Всю свою жизнь Зарницкий был непоколебимо убежден, что он самый красивый, самый блестящий и смелый человек в свете. То, что его любили женщины и с восторгом отдавались на забаву его холеному, сильному и здоровому телу, то, что он был ловким и действительно прекрасным хирургом, то, что он был революционером и шесть месяцев просидел в одиночке, откуда вышел таким непреклонно убежденным, каким и вошел, приучило его верить в себя и никогда не задавать вопроса, действительно ли он так прекрасен и силен.
Он всегда верил, что если будет революция, то он станет во главе ее. С его красноречием, храбростью и убежденностью он не может не выдвинуться в первые ряды и не стать, как ему рисовалось, членом конвента, народным трибуном, вождем. И мысль об этом опьяняла его романтическим восторгом, и даже смерть на гильотине казалась ему только последним мрачно красивым аккордом.
Еще когда он был студентом, ему как-то пришлось в обществе красивых, чуть не поголовно влюбленных в него девушек сказать:
– Лучше тридцать лет жить, да пить живую кровь, чем жить триста лет, да питаться мертвечиной.
И он сказал это с искренним убеждением и часто повторял потом все с таким же убеждением.
И вдруг оказалось, что мысль о том, что его могут завтра убить, леденит ему кровь, и совершенно определенно, ясно и неотвратимо он понял, что боится смерти и не пойдет на нее.

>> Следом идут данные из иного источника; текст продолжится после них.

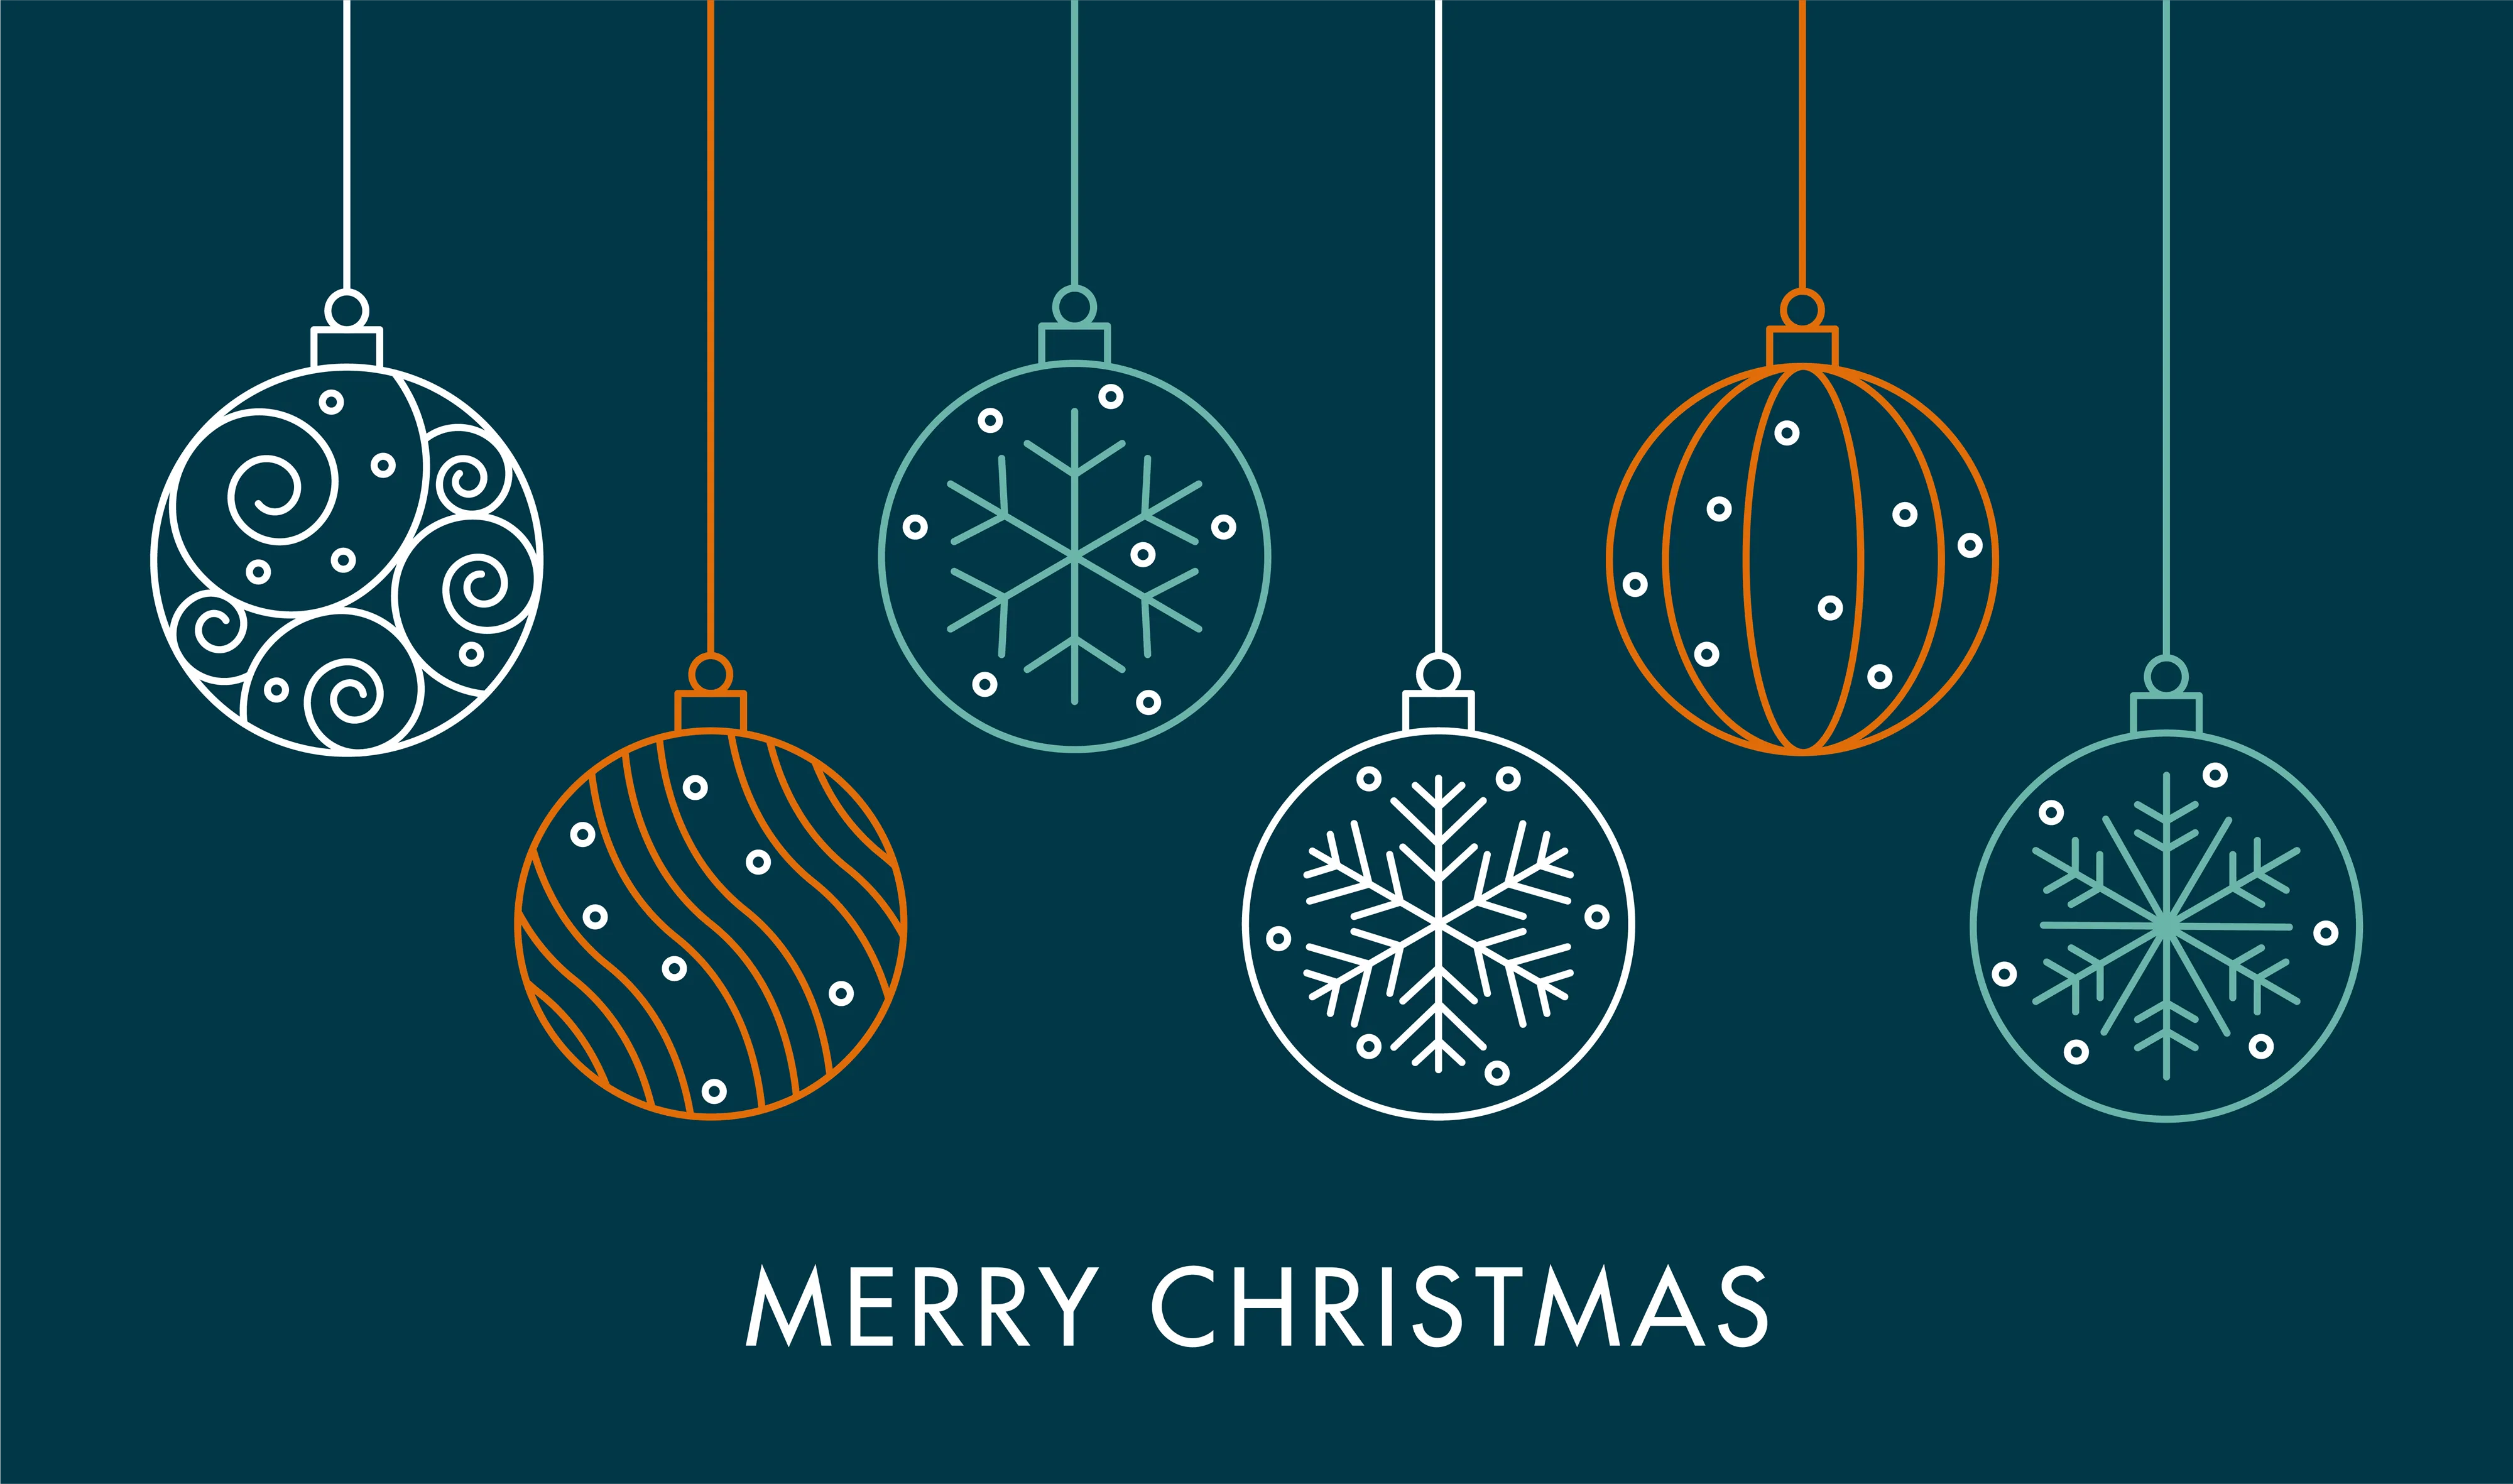 Edward Cooke Family Law wish you a Merry Christmas
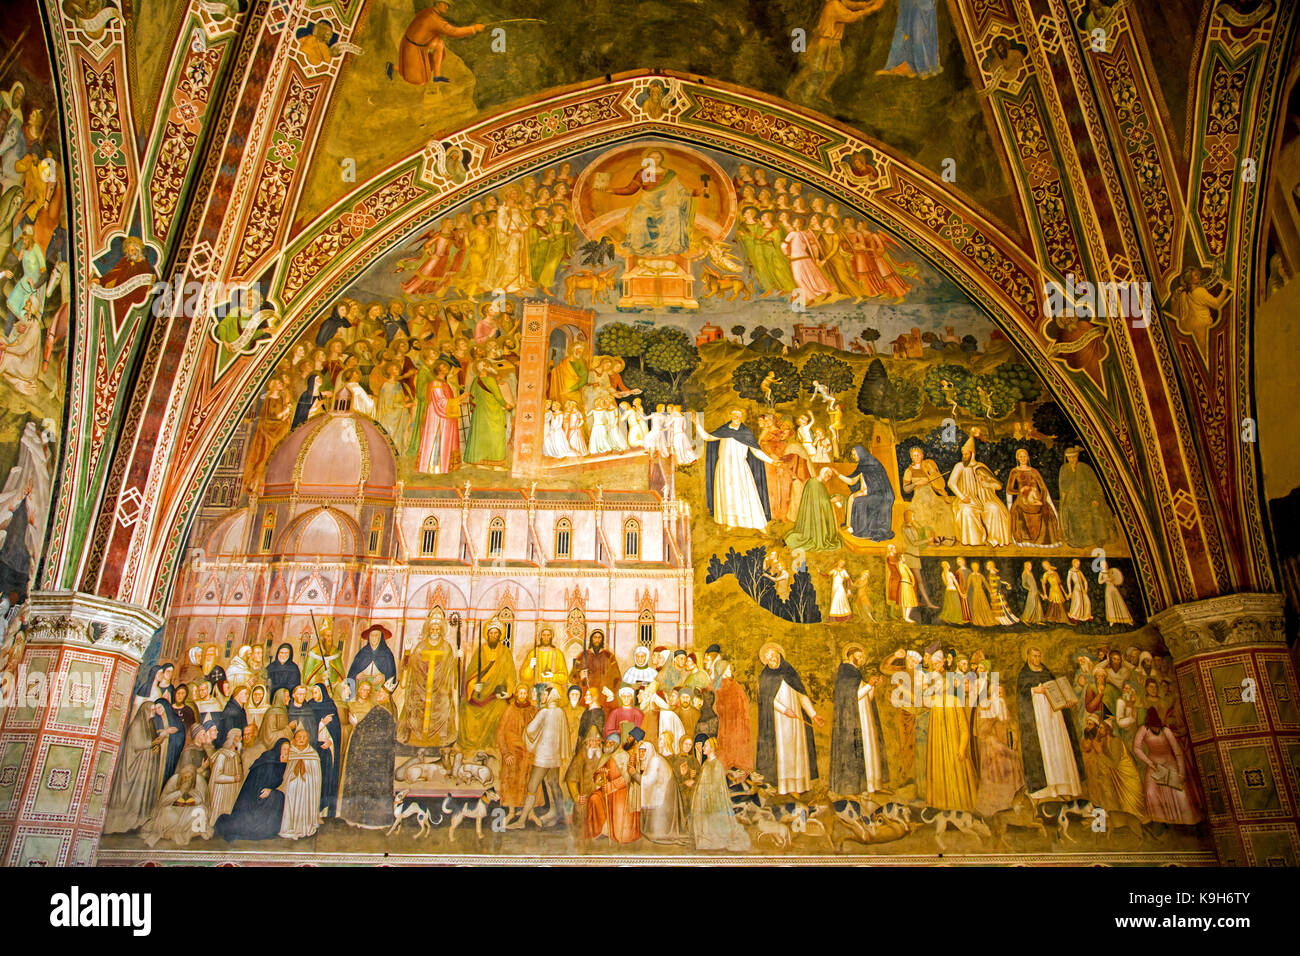 The Church Militant and the Church Triumphant by Andrea di Buonaiuto in the Spanish Chapel section of Santa Maria Novella church in Florence Italy Stock Photo

«Так, значит, – я трус?..» – мучительно краснея и как будто стараясь, чтобы мысль эту не слышал даже он сам, растерянно подумал Зарницкий.
«Да, трус!» – отвечало что-то в глубине его массивного красивого тела, сжавшегося безвольно и пугливо. И весь многолетний мираж красоты, смелости и обаяния вдруг слетел, и Зарницкому показалось, что он гол, слаб и растерян, как гаденький, подленький зверек, с которого содрали блестящую шкурку.
С беспощадной иронией, вдруг непонятно возникшей из неуловимых сплетений мысли, он вспомнил шутливый афоризм одного приятеля:
«Познай самого себя… и познав, не впадай в уныние».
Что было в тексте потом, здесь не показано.